# DATASET SECTION
------

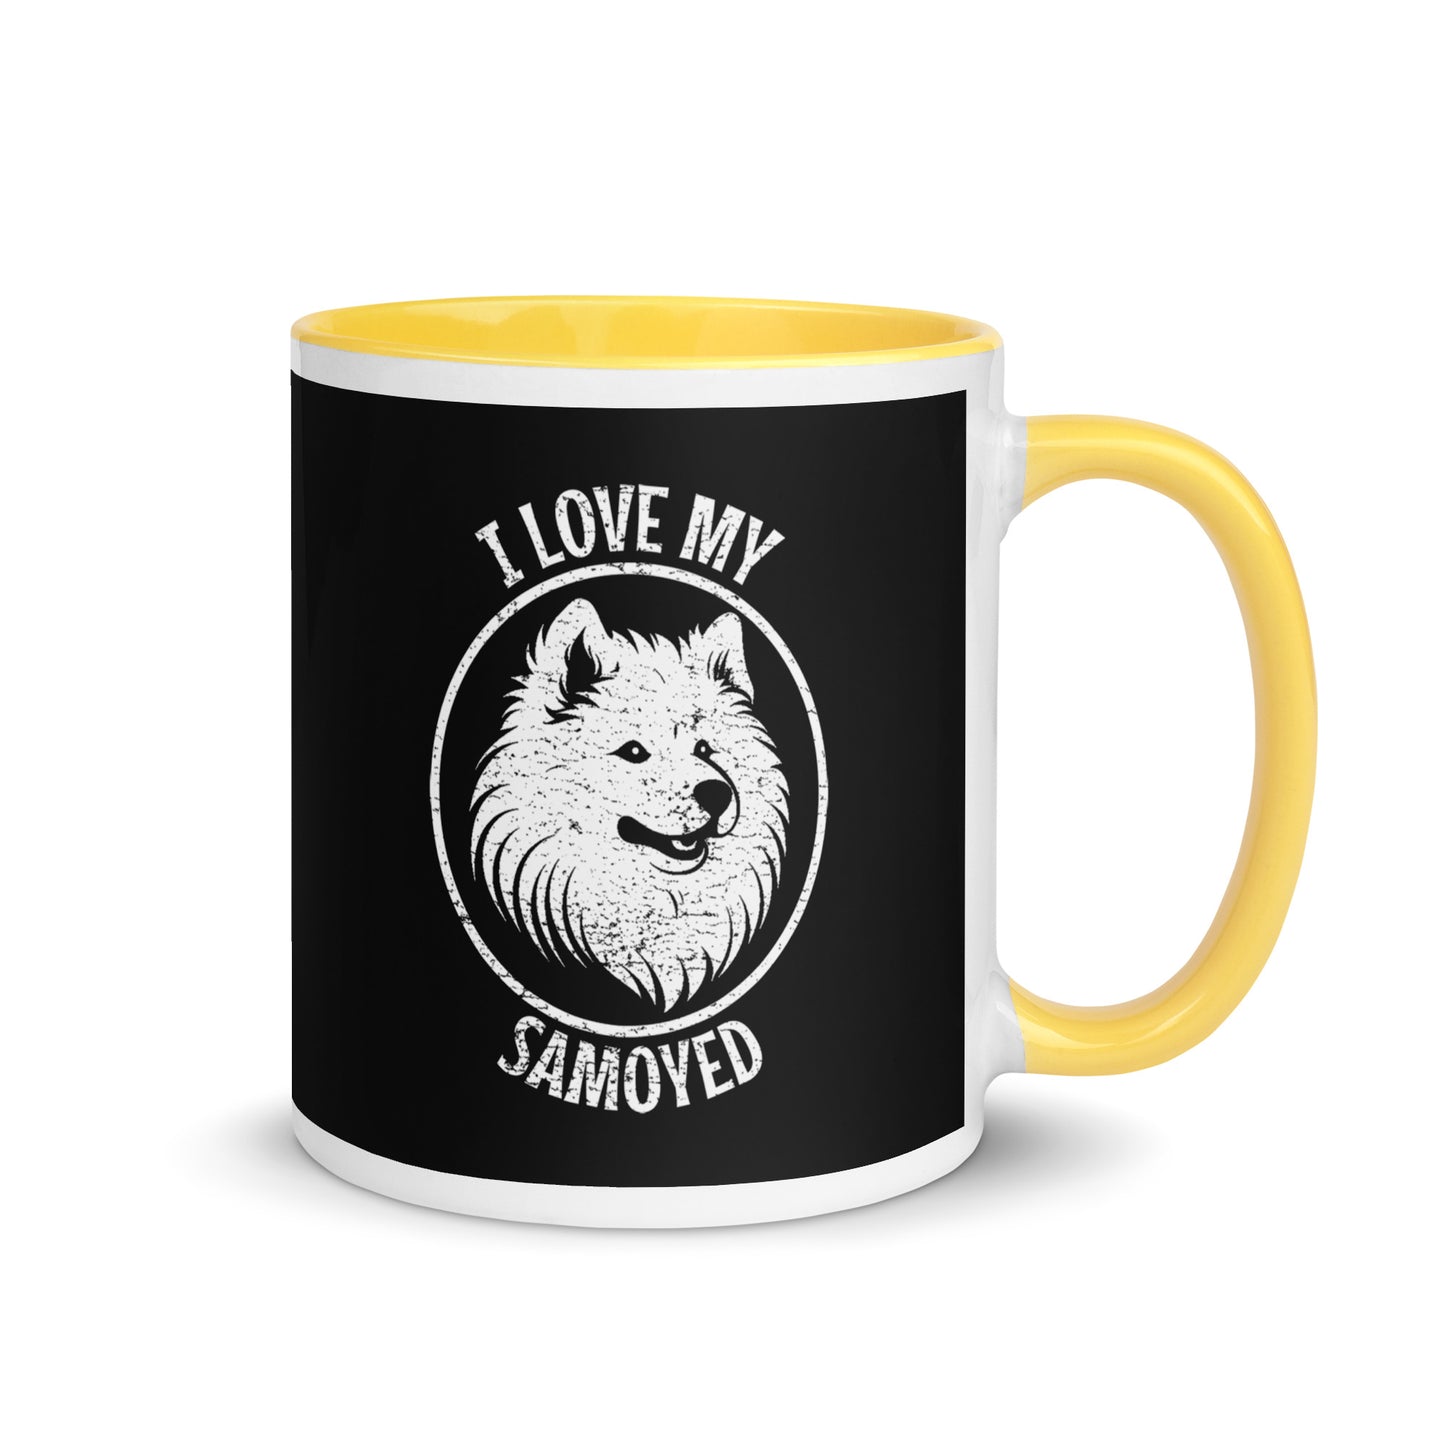 Samoyed Mug, Samoyed gift, gift for dog mom, custom dog gift, dog owner gift, pet memorial gift
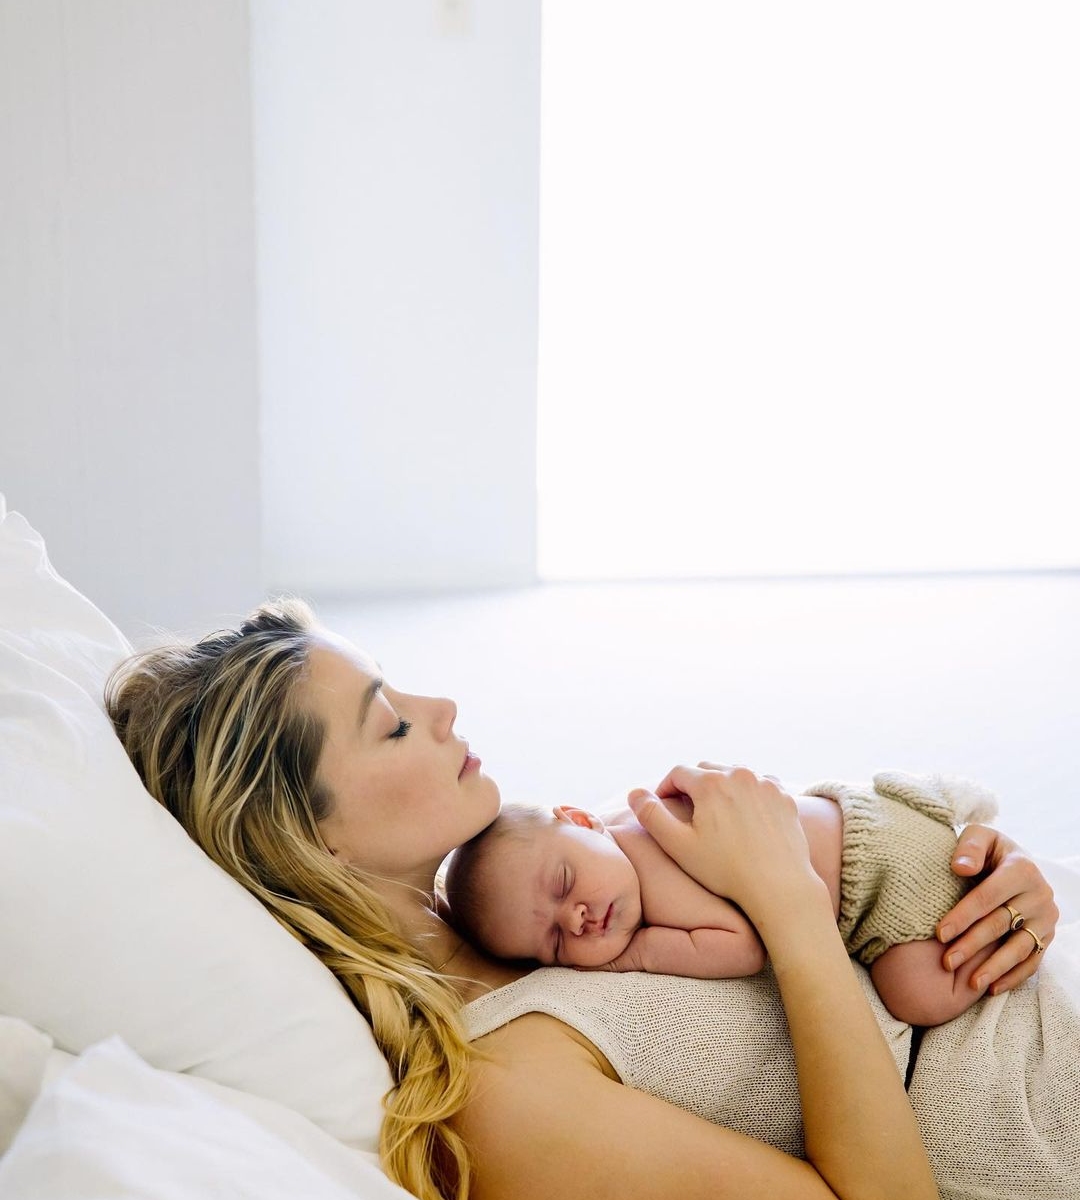 Η Paris Hilton ανακοίνωσε ότι έγινε μαμά- Η πρώτη φωτογραφία με τον νεογέννητο γιο της
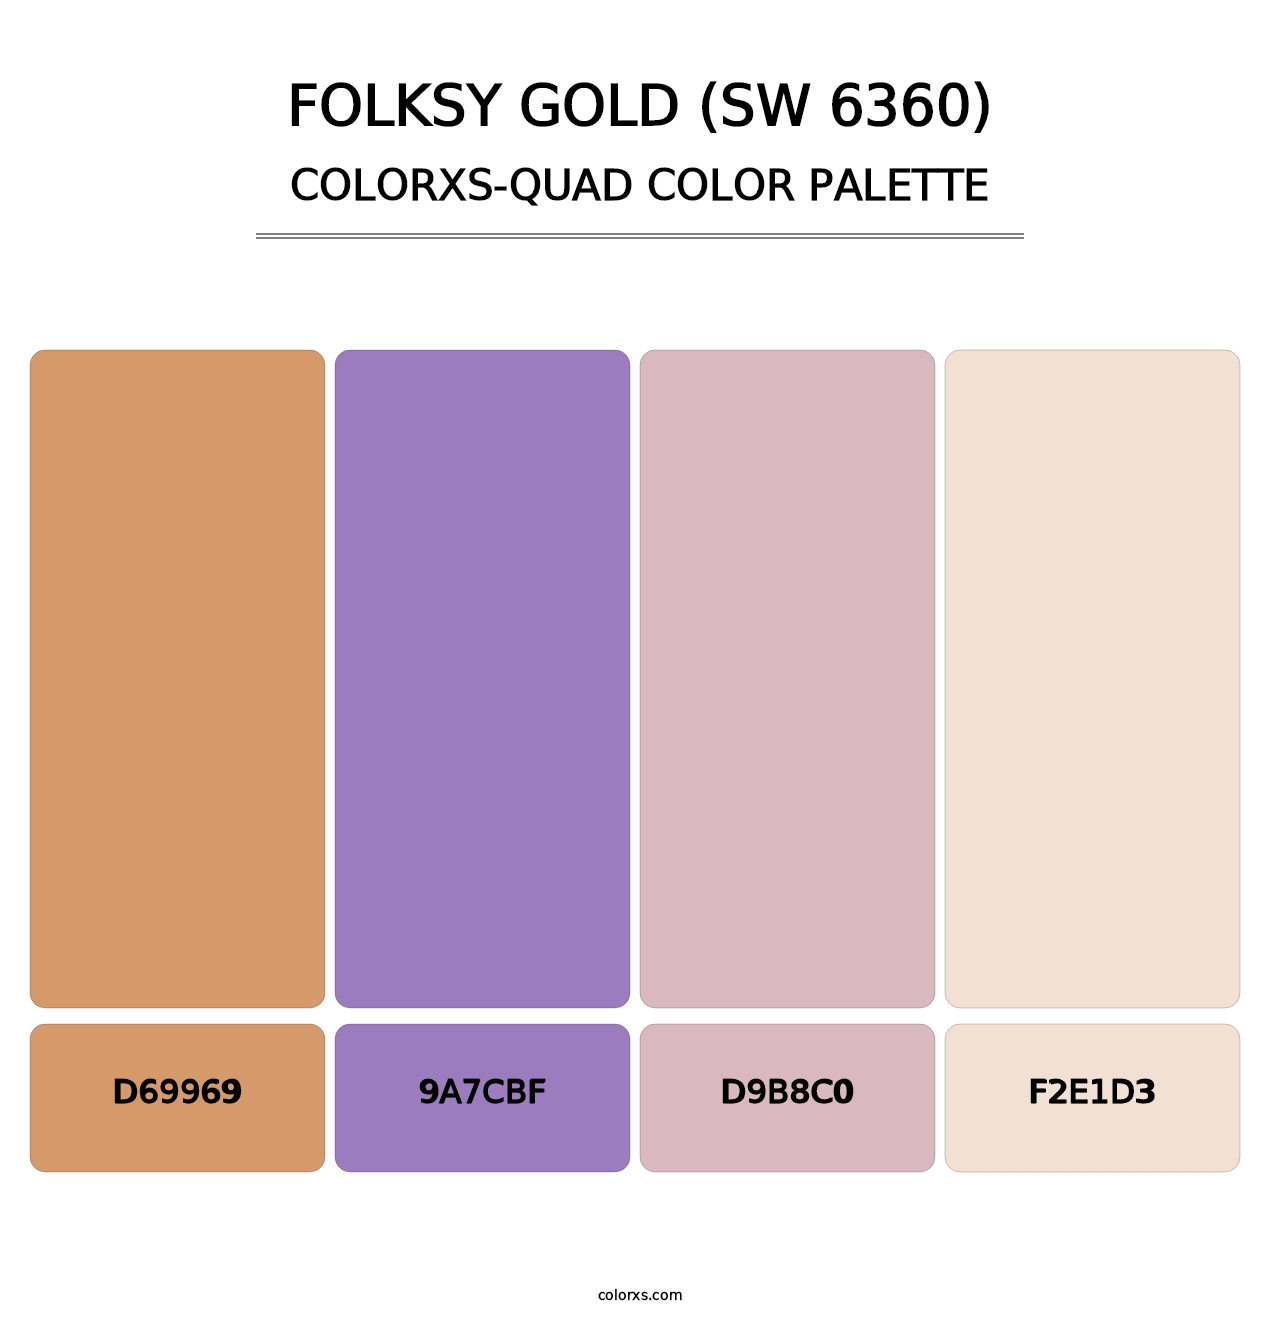 Folksy Gold (SW 6360) - Colorxs Quad Palette
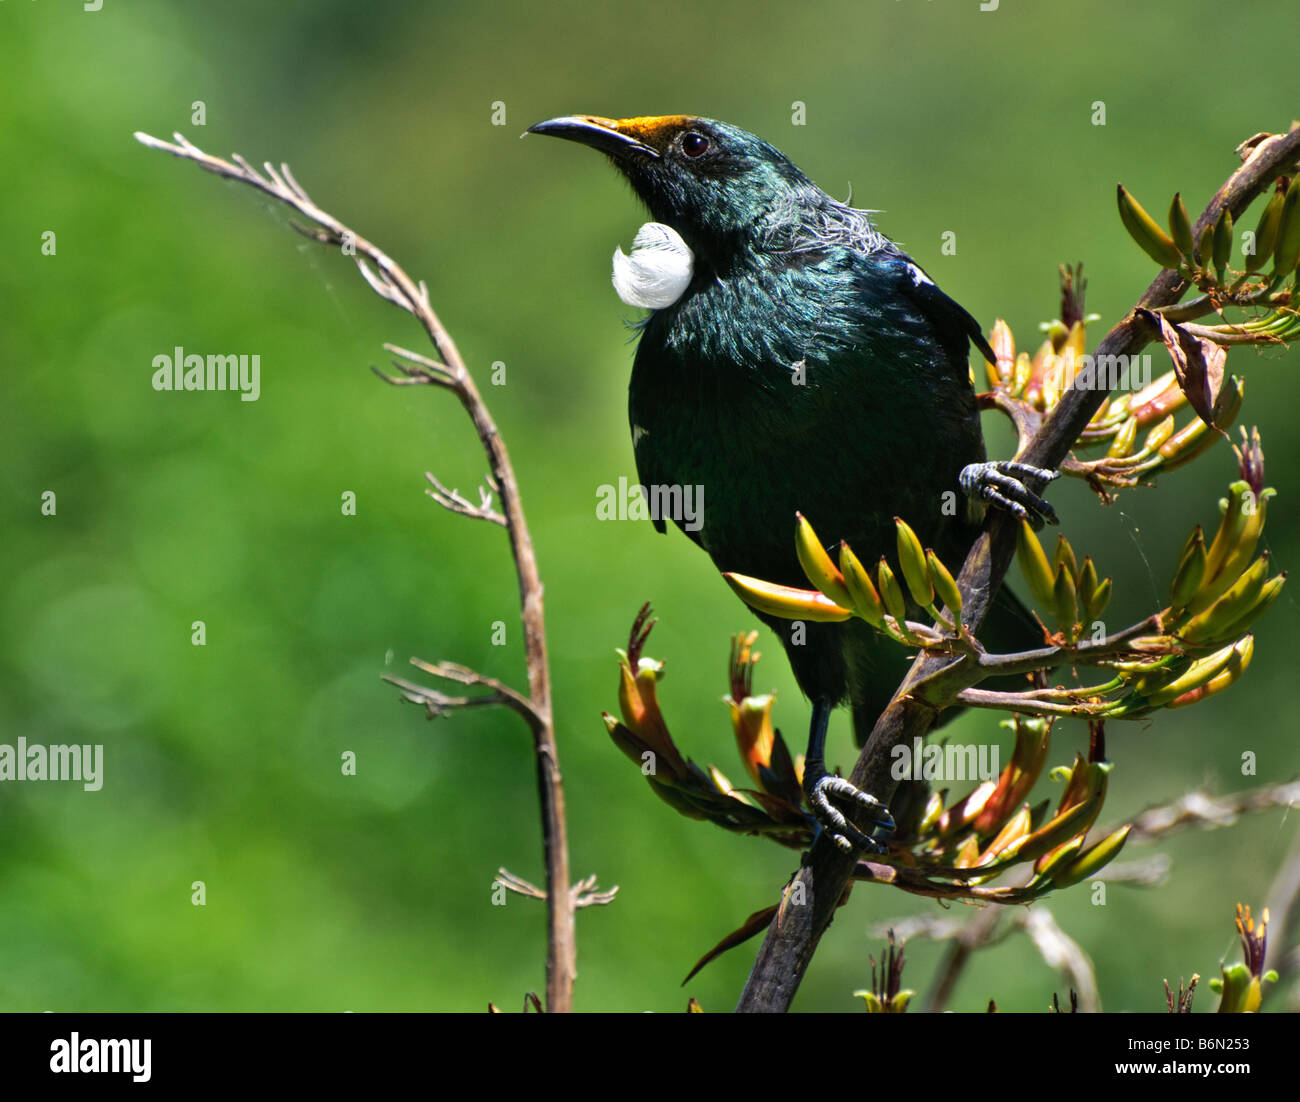 Tui (Parson, oiseau Prosthemadera novaeseelandiae - originaire de la Nouvelle-Zélande) d'oiseaux se nourrissant de graines de lin Banque D'Images

------

# WORK ITEM
Reproduce the lines above, exactly and exclusively, from the line containing "Η Paris Hilton" down to the last line, both included; pictures are not part of the copy.

# SOLUTION FOR THIS PROBLEM
 Η Paris Hilton ανακοίνωσε ότι έγινε μαμά- Η πρώτη φωτογραφία με τον νεογέννητο γιο της
 Folksy Gold (SW 6360) - Colorxs Quad Palette
 Tui (Parson, oiseau Prosthemadera novaeseelandiae - originaire de la Nouvelle-Zélande) d'oiseaux se nourrissant de graines de lin Banque D'Images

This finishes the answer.